Daily Caller News Foundation

The secretary general of the United Nations, António Gutteres, called for social media companies to face “accountability,” including “legal action,” for promoting “false information” in remarks made Wednesday at the World Economic Forum’s (WEF) annual meeting in Switzerland.

After Gutteres had concluded remarks criticizing political and economic systems that focused primarily on short-term results as opposed to long-term problem solving, WEF Geneva President Børge Brende argued that social media “is maybe not helping when it comes to incentivizing long-term thinking.” Gutteres responded that while social media had led to “fantastic contributions” to the “most noble causes of humankind,” its business model was deeply flawed.

“As we know from traditional media, what is news is not when a dog bites a man. What is news is when a man bites a dog,” said Gutteres. “The algorithms and the business model of social media are constructed in such a way that they tend to expand the …  informations, the positions, the ideas that are more extreme, that are more controversial, that create more trouble. And so, I think … and it’s not a question of censorship I think that will solve the problem … the question is the business model needs to be redesigned, the algorithms need to be redesigned, in order not to be based on evil to make profit.”

Brende responded that this was a “good point” and that “when we grew up and read the paper” editors took pride in ensuring accuracy. He went on to argue that “now there’s no editing” and that the responsibility was now on individual readers to assess the veracity of reporting.

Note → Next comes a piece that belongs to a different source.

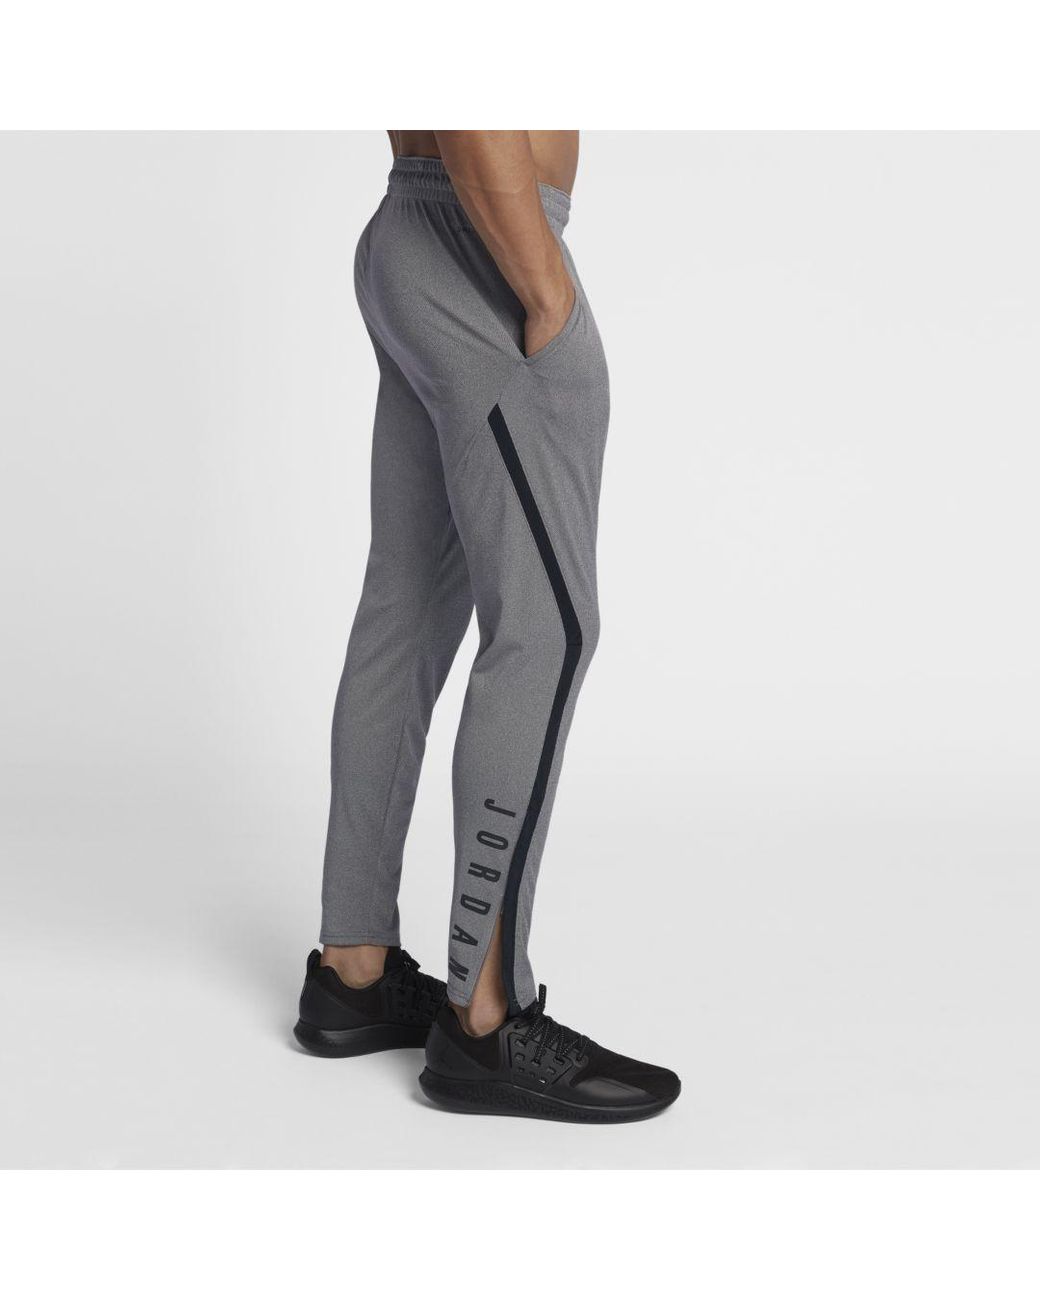 Monarchy At risk Concentration Nike Jordan 23 Alpha Dri-fit Pants (carbon Heather) - Clearance Sale in  Gray for Men | Lyst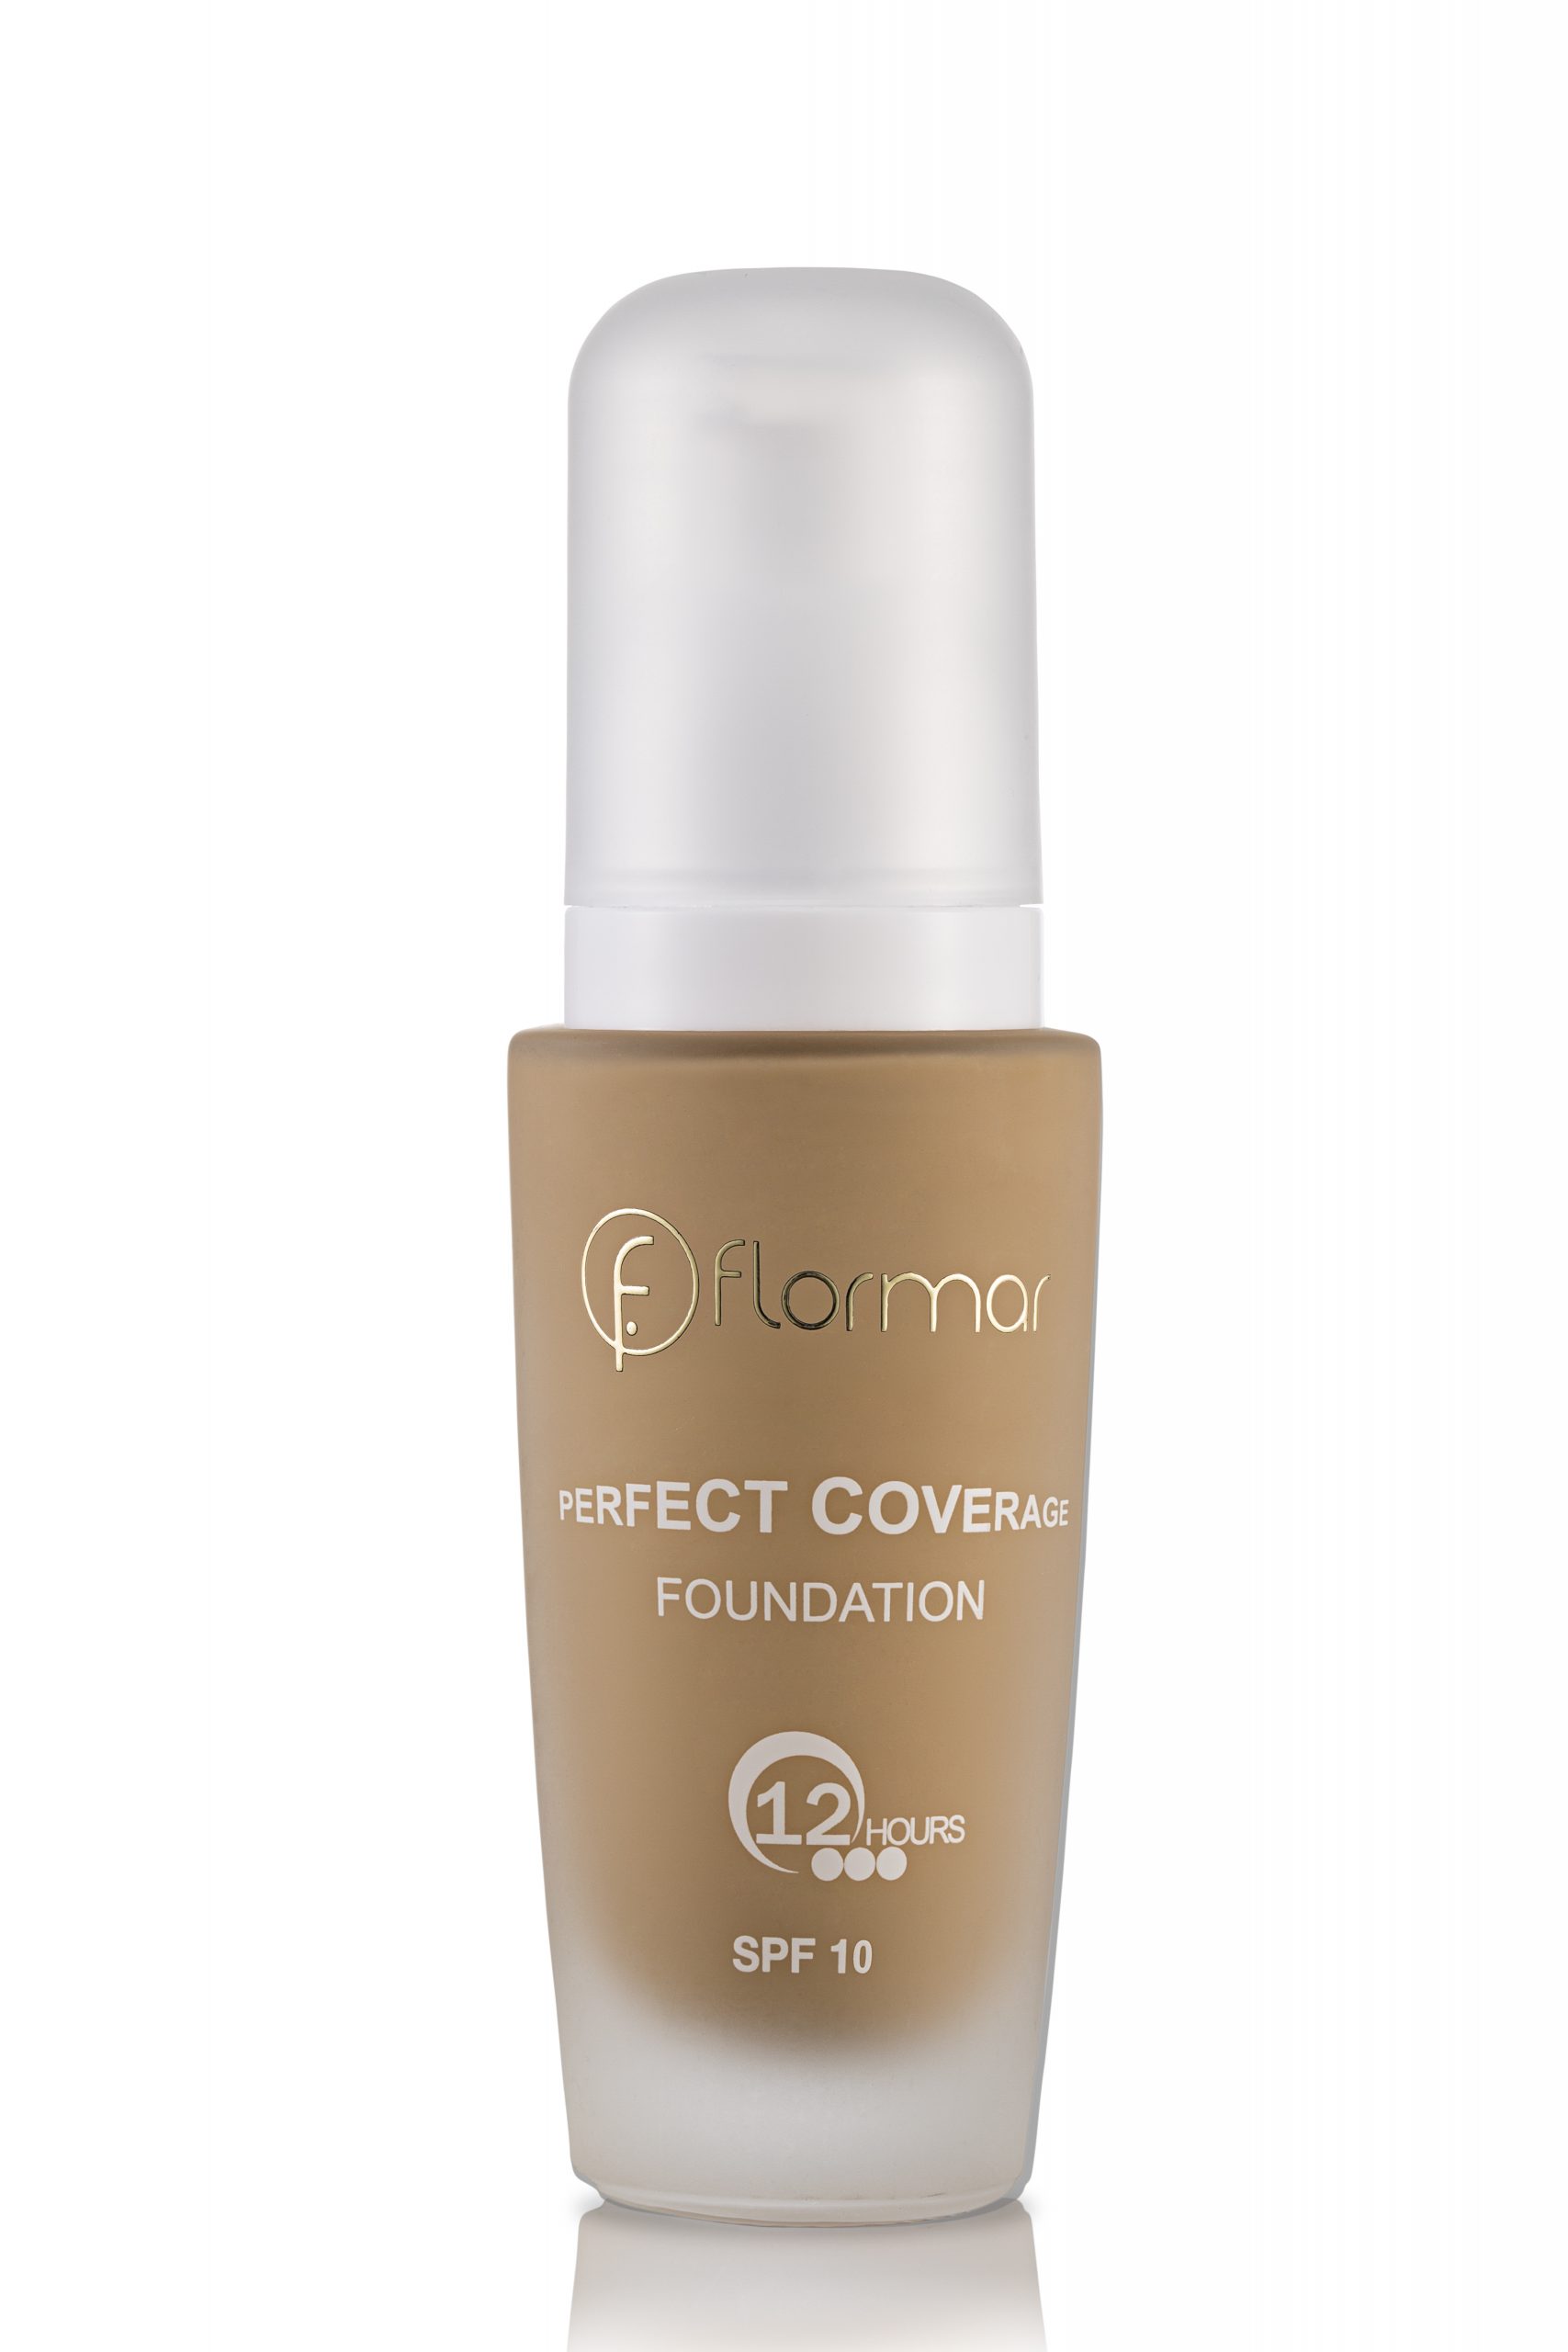 Flormar - Perfect Coverage Foundation provides

Gutteres argued that the responsibility ought to be on social media platforms, noting that if “someone is attacked” inappropriately by traditional media outlets, “there is a possibility to go to the court.” He pushed back on claims by social media platforms that they ought not be held accountable for users’ posts, arguing that controversial content was “amplified” by companies’ algorithms.

“But the truth is that the algorithms are made in such a way that they amplify, in a preferential way, a certain number of things,” Gutteres continued. “And when the algorithm amplifies, then there is, in my opinion, a responsibility, and there should be accountability, including through the legal system, in relation to those situations. At least when false information or other kinds of things are benefited … by the way the algorithm amplifies them. That creates, in my opinion, a responsibility of the platform.”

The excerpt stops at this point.